The challenges that I have already experienced are the issues with publishing and inauthentic representation.  Far too often have diverse characters been used as plot devices or the token “diverse” character.  This is definitively not authentic representation as the diversity is not being represented accurately or respectfully or even as a true character in the sense that they have a personality and place within the world built throughout the story.  Some challenges I foresee are the continuation of such behaviors towards diverse characters.  I also foresee people who are not actually part of the demographic being represented attempting to write diverse characters with minimal research and input from that demographic just for the sake of selling more books or being able to beef up their author bios..


What would a diverse reading life look like for you?

I have mentioned previously that a diverse reading life means trying to read widely.  This means that I wish to read about different cultures, different belief systems, different lifestyles, and different demographics in order to learn about those groups and give them the respect and acknowledgment that is their right.  However, I do not wish to do this in a superficial manner.  It is also important that I read deeply into these different groups so that I have more than a “skin-deep” understanding as I have never encountered anything that can be truly understood when given just a cursory glance.  As the world continues to grow and change, it also becomes important to read about the past and the present in order to prepare for the future.  Essentially, I wish to have a four-dimensional reading life of sorts.

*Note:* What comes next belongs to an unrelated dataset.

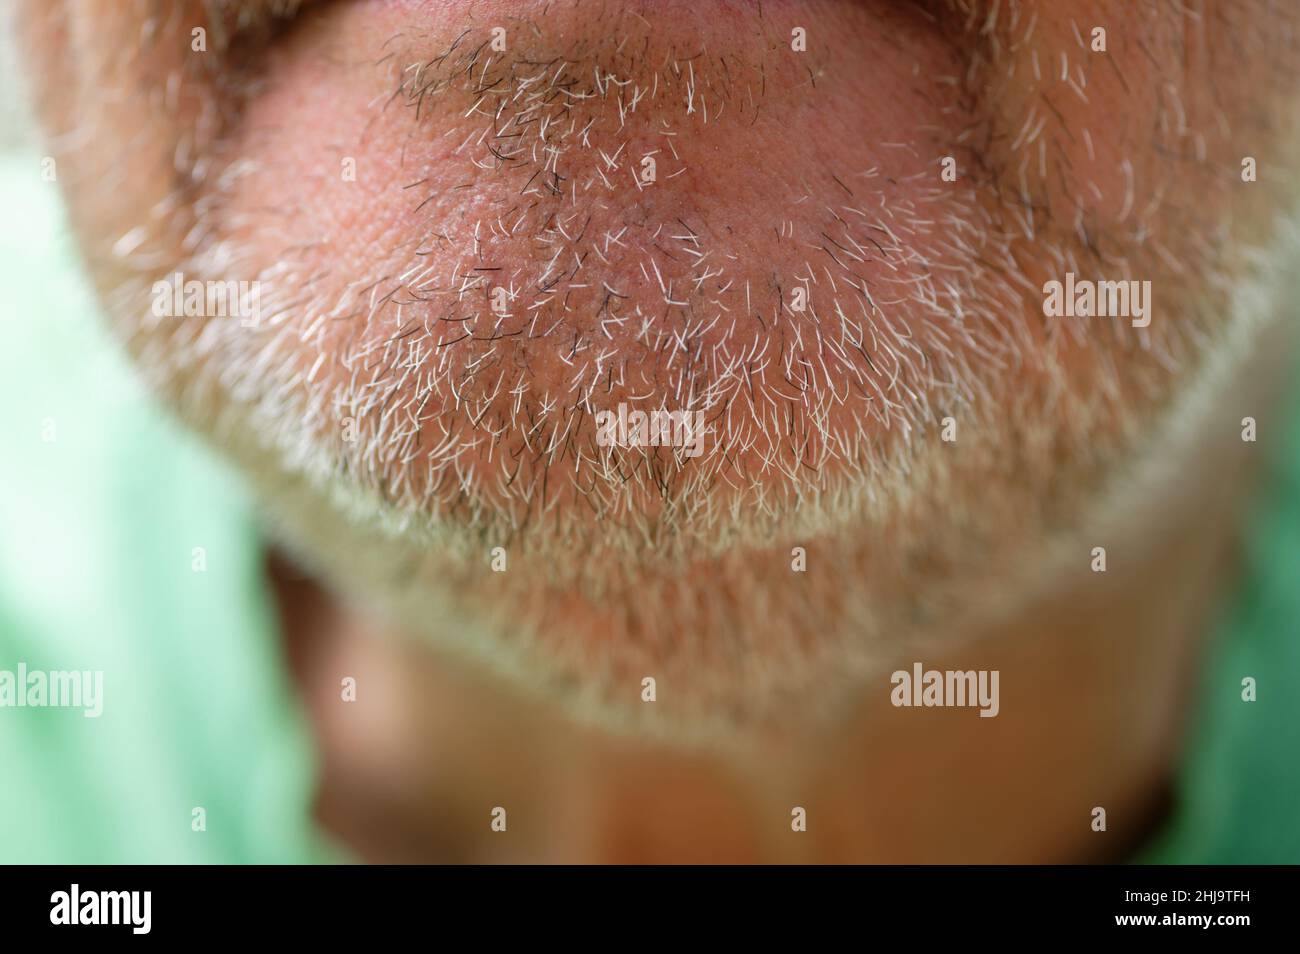 A close up photo of a man's chin. His black and white stubble is showing. Stock Photo

How important do you think it is for our students to have diverse reading lives?

I think that it is crucial for our students to have diverse reading lives.  When students are not given the opportunity to read diversely, it is all too easy for stereotypes and biases to be perpetuated and even worsened.  This is dangerous for individuals, communities, and the world as a whole.  Students need to understand that the world is a diverse place with diverse people, and such knowledge will allow them to traverse the global community successfully as will be required of them in the near future.  As such, they will have the potential to change the world, whether that be on a small scale or a large scale, for the better.

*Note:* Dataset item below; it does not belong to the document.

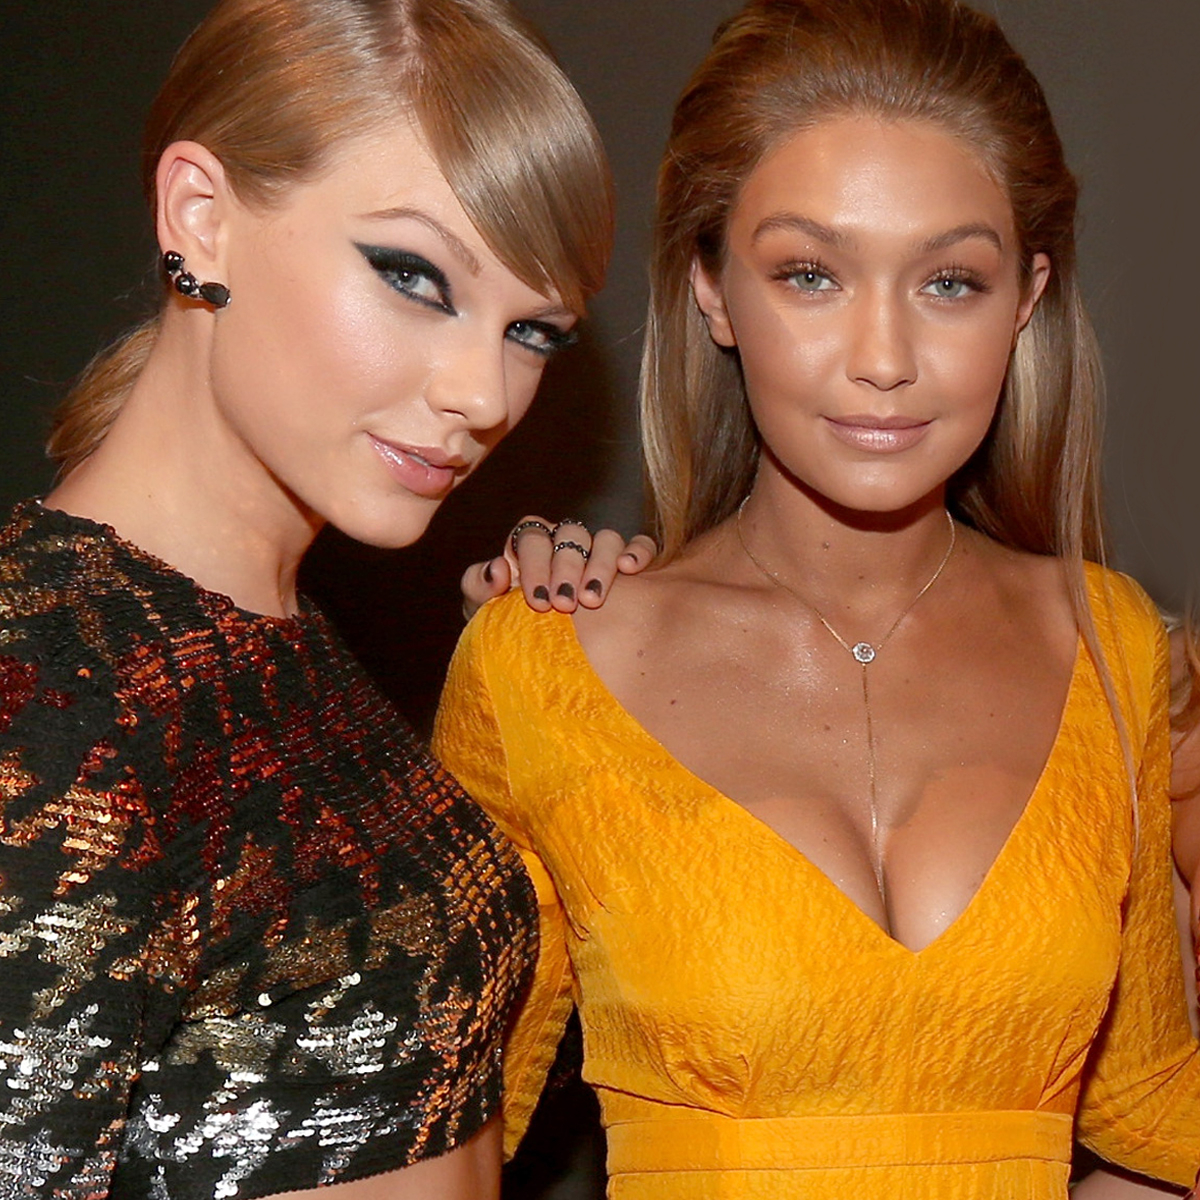 Why Gigi Hadid Says She’s Taylor Swift’s “Most Embarrassing Friend”

What might you do in the classroom to invite students to read more diversely?

I would stock my shelves with books of all types and genres that have a more global view being depicted.  This is because I believe that the first step is presenting them with the materials to capitalize on the opportunity being presented.  Next, I would try to build my lesson plans so that it aligns more with a diverse worldview as well.  It is critical that students see why they are being asked to do something as choice and autonomy is of the utmost importance to them.  I would also read alongside them so they can see that I am not just blowing smoke.  Solidarity and cooperation has the power to make or break student willingness and interest in the goals being encouraged.

Sourced from Pardesi* on Flickr

2 thoughts on “What It Means to Read Diversely

  1. I really love this notion of a four-dimensional reading life. There is so much here in this post that we need to think about and take seriously as teachers AND readers. It’s always interesting to me what a pushback I get to the lessons on diversity and diverse reading in this class. So many students say they don’t or don’t want to consider questions of race and ethnicity in their reading, but I would say we’re always speaking from a position of privilege when we say we don’t want to consider those.


    1. Yes! And the very notion of “colorblindness” is, from what I’ve seen, really just homogenizing everything in favor of perpetuating that preexisting power imbalance. As a future educator, I feel that to have such an ideal would be incredibly harmful to all of my students and not just those from diverse racial and ethnic backgrounds. Thank you for your comment!